Recent home victories against Louisville, Purdue and Indiana helped propel the No. 7 Buckeyes (18-2, 3-0) toward their nearly 10-year home win streak, as well as their pursuit of an eighth-straight Big Ten championship.
Both losses suffered by the Scarlet and Gray during the 2013 campaign – then-No. 15 Texas A&M and No. 1 Virginia – have come while playing on the road.
Coach Ty Tucker said away matches during the spring are unpredictable because of the constantly changing weather.
“The tricky thing about Big Ten tennis and on-the-road matches is that you never know what weather you’re going to get. When you get to a place, you have to make sure that you practice on their indoor courts and their outdoor courts. After traveling, and flying, and changing planes, guys aren’t really looking forward to four hours of practice,” Tucker said. “It’s challenging to the guys … one day it’s 60 degrees and the next day it’s snowing in the Big Ten.”
The Buckeyes’ match against Nebraska (8-7, 0-2) will be the third time OSU has faced off against the Cornhuskers since Nebraska joined the Big Ten in 2011. OSU won both matches against Nebraska in 2012. However, the match Friday will mark the first time the Buckeyes have traveled to Lincoln, Neb., as part of their conference schedule.
“We know that (Nebraska) has a difficult indoor tennis center, and if (the match) is outdoors, we know that it’s usually a very windy condition. In tennis, high winds is a pretty darn good equalizer,” Tucker said. “The most important thing that we do is make some first serves, stay disciplined and keep the feet moving.”
Redshirt senior Devin McCarthy said he is looking forward to visiting Nebraska for his first time as a Buckeye.
“I’m excited. I’ve obviously played at the other (Big Ten) schools four or five times, and it will be fun to see a new school, new facility and check out the campus a little bit,” he said.
After the scheduled match against Nebraska, OSU is slated to travel to Iowa City, Iowa, to face the Hawkeyes on Sunday.
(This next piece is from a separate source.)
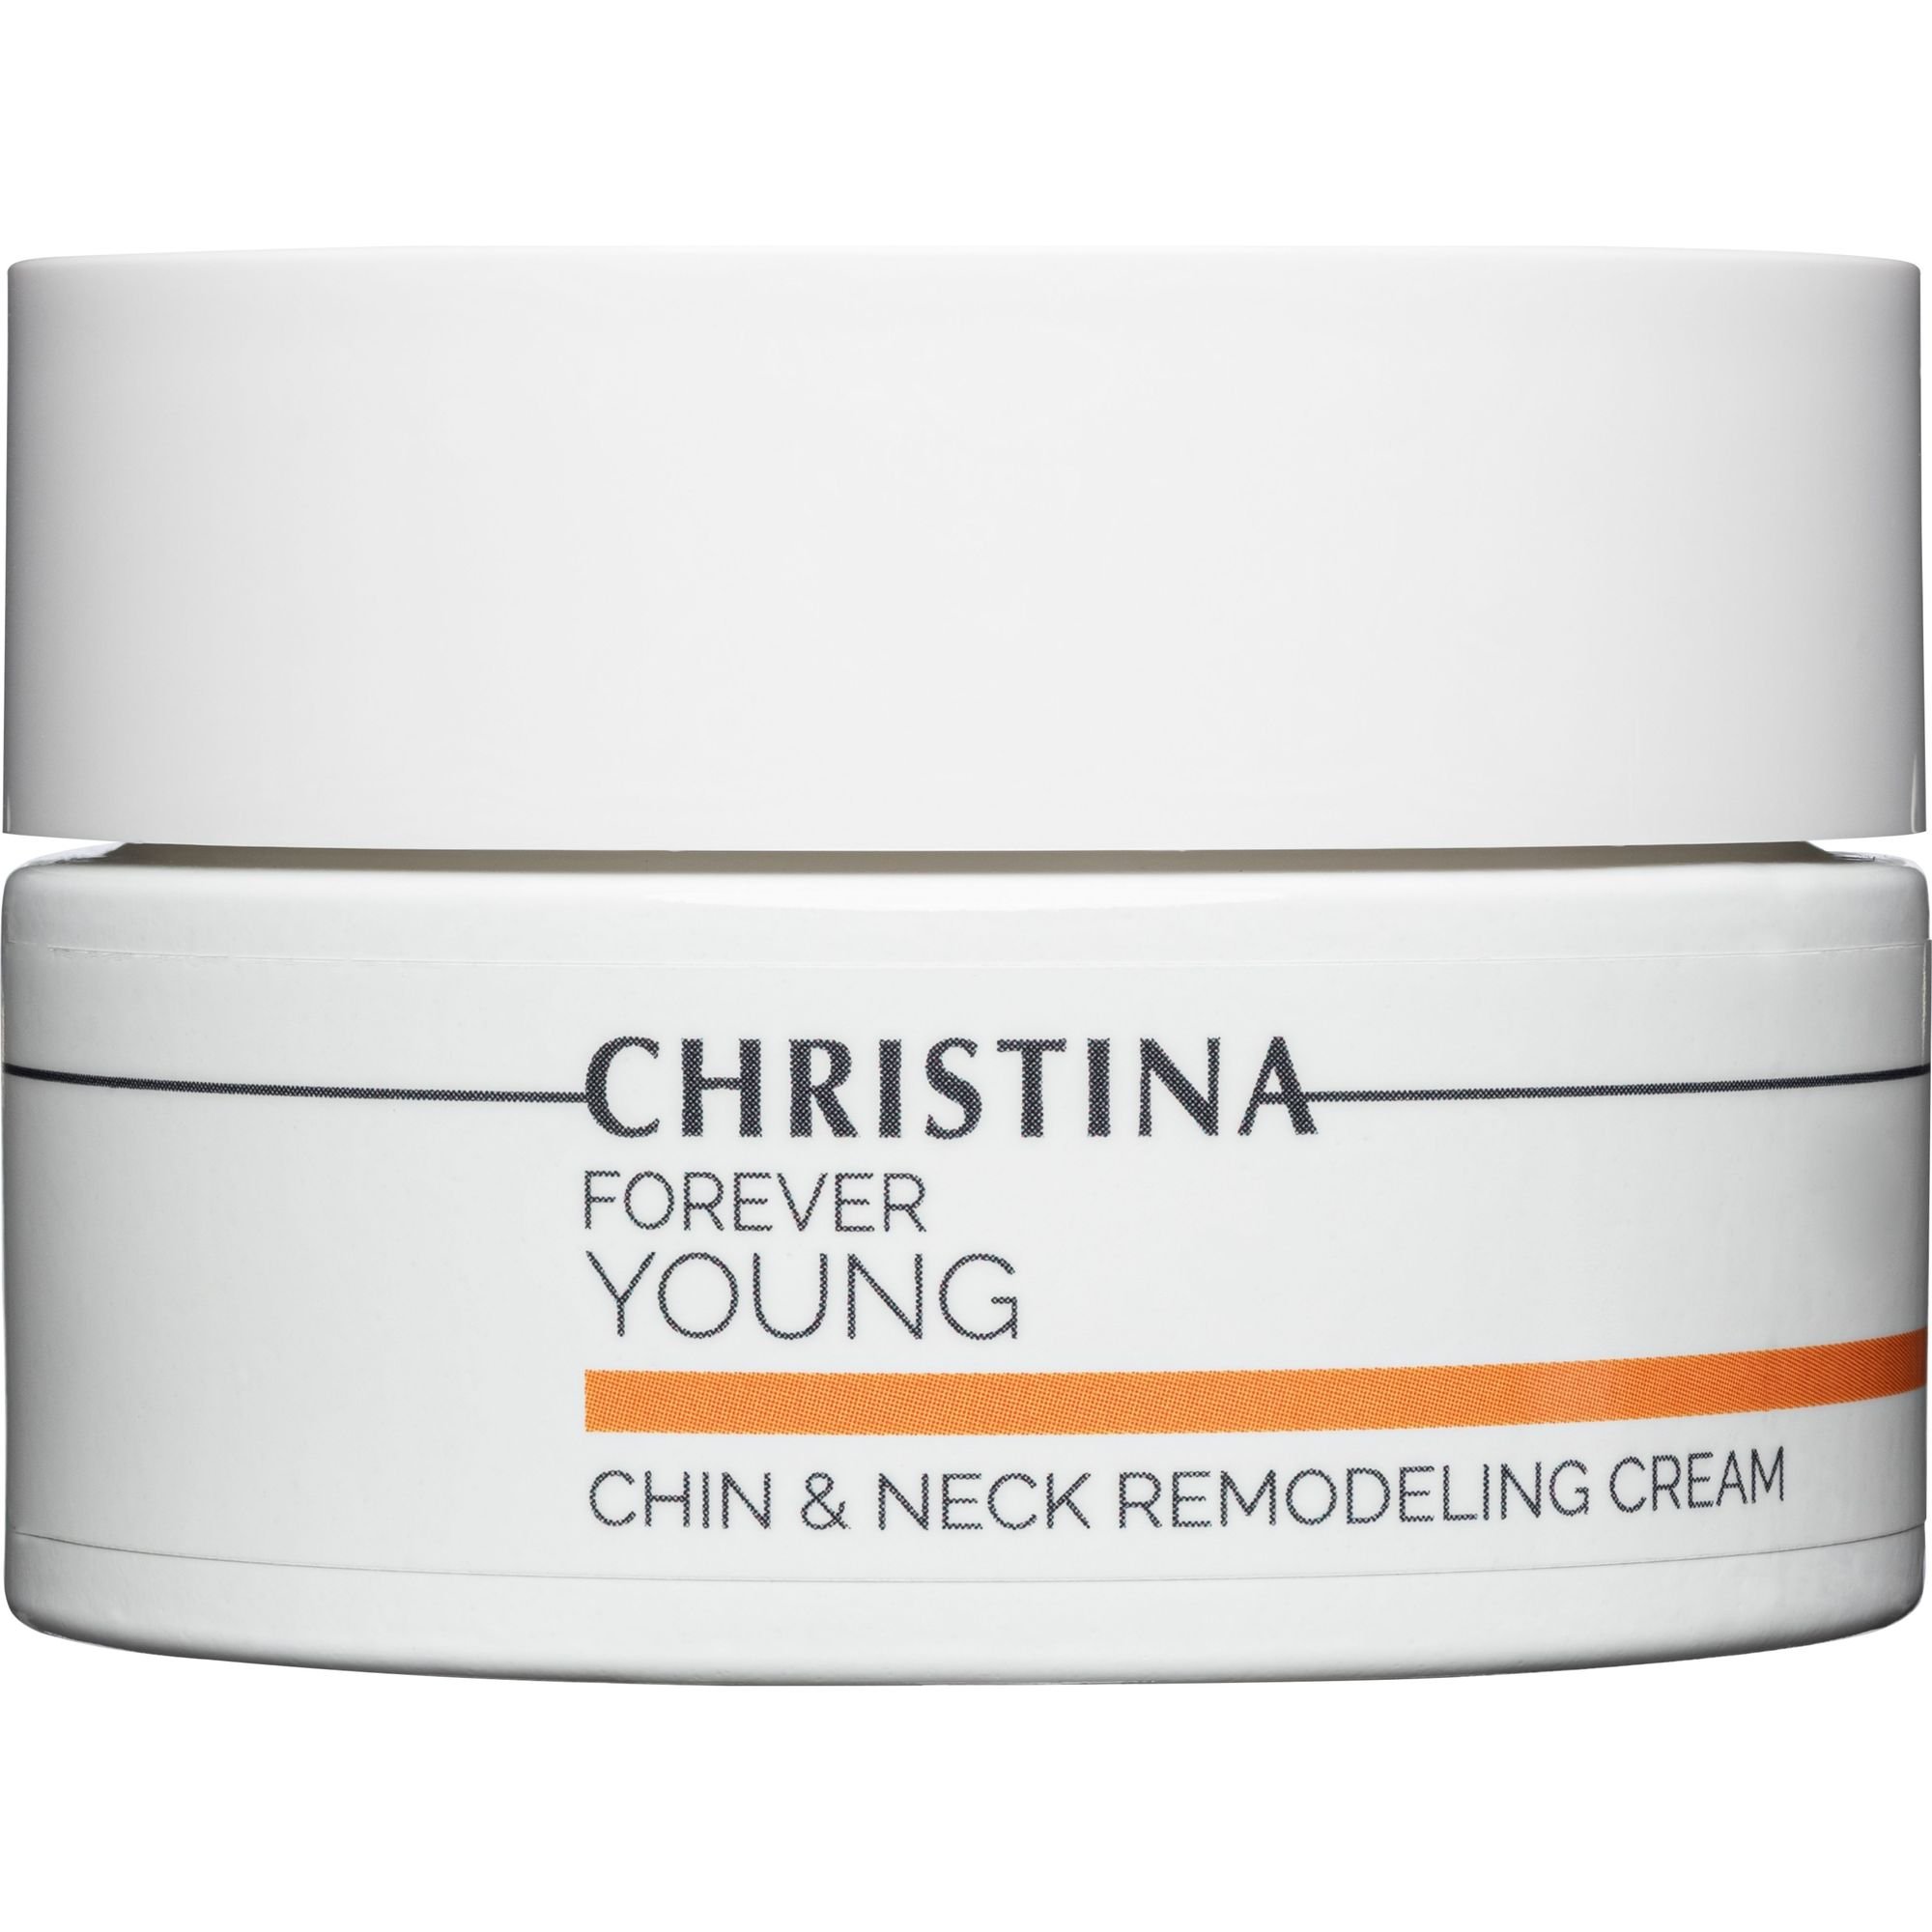 Ремоделюючий крем Christina Forever Young Chin & Neck Remodeling Cream 50 мл - фото 1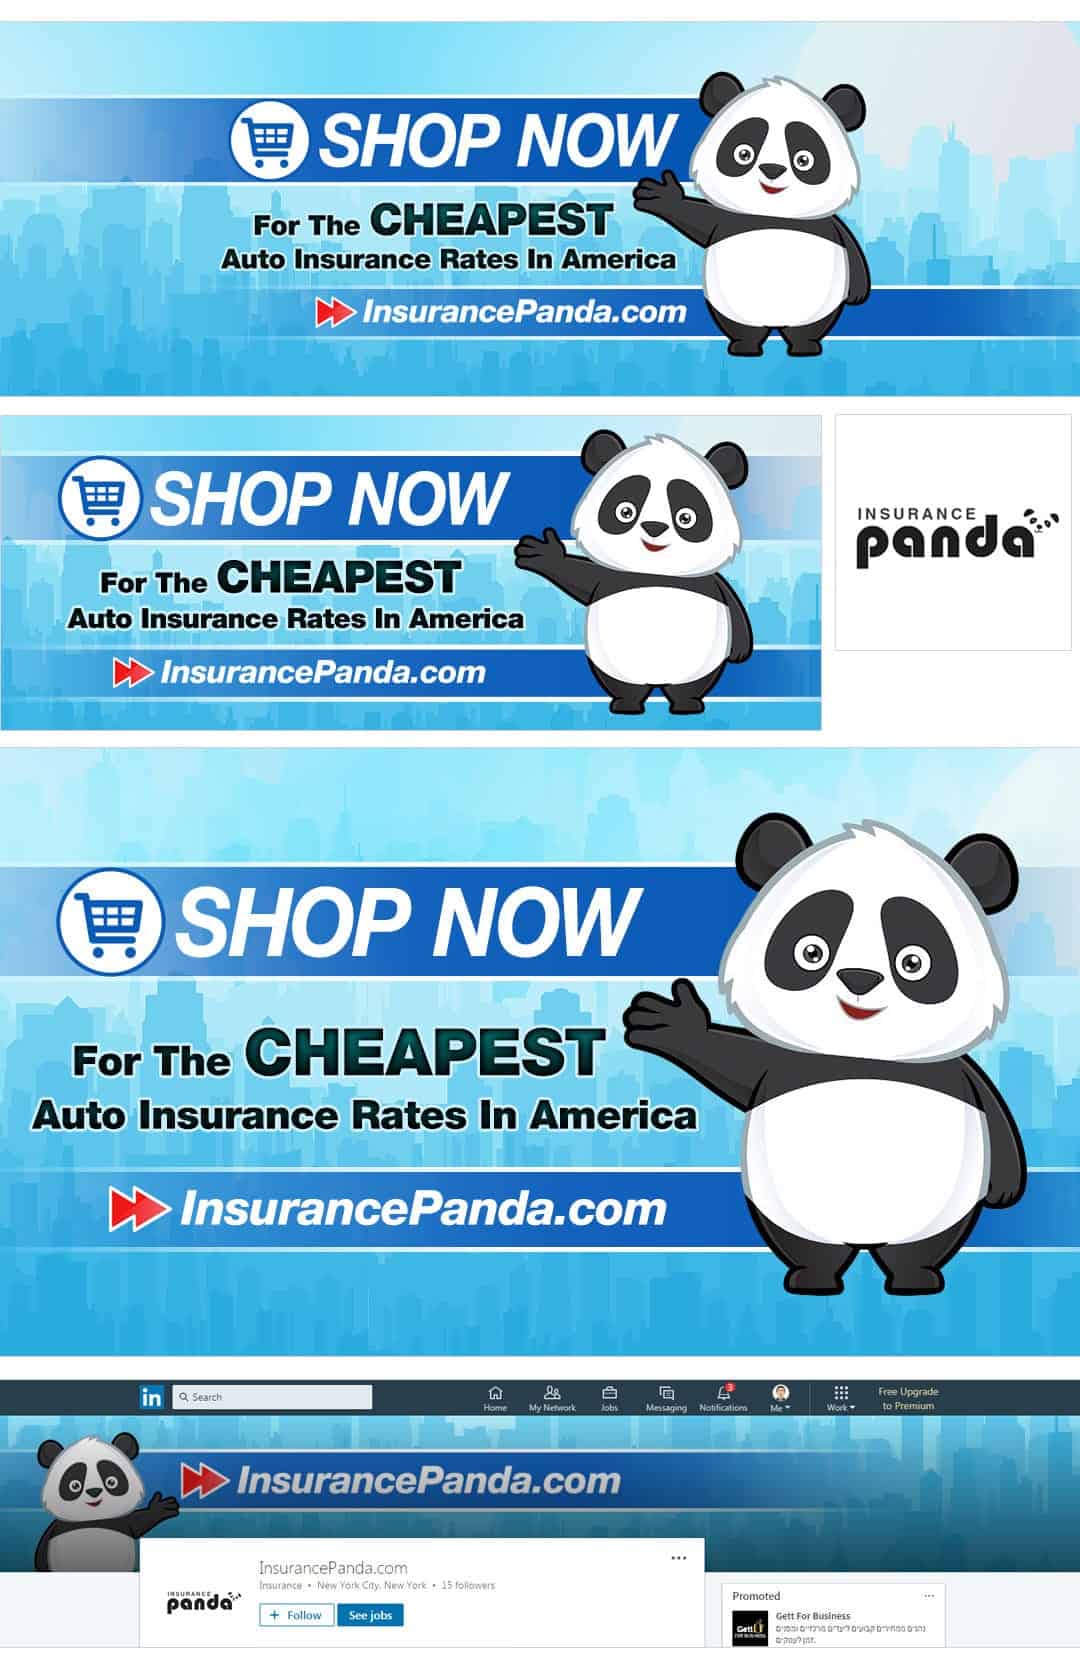 Social Media Package Example for Insurance Panda

Steve Houghton, the coach of the Hawkeyes (7-7, 0-2), is the longest-tenured active coach in Big Ten men’s tennis, currently serving his 31st season with Iowa. The Buckeyes shut out Iowa, 7-0, in Columbus in 2012.
“When I was playing in the Big Ten, Steve Houghton was the coach at that time. (He is) a class individual and you always have a good match, but it’s always much rougher at Iowa,” Tucker said.
Tucker said he is confident in his team’s ability to perform on the road because leadership from OSU’s two seniors, Connor Smith and McCarthy, has been strong on and off the court.
“One of our goals is for seniors to have their best years. To see these guys stepping up their senior year and putting the wins on the board and doing it convincingly is what we always hope will happen with the seniors … Connor and Devin have done a tremendous job,” Tucker said.
Smith, who is ranked No. 43 nationally, said the team’s high performance level is because of a focus on team play rather than individual play.
“In tennis, it’s a very individual sport, so it’s easy to get caught up in the individual ranking and trying to get individual accolades and all that. I think we care more, personally, about each guy on the team and how the team does than any personal rankings. We would rather be ranked one as a team,” Smith said.
The match against Nebraska on Friday is scheduled to begin at 4 p.m. in Lincoln, Neb.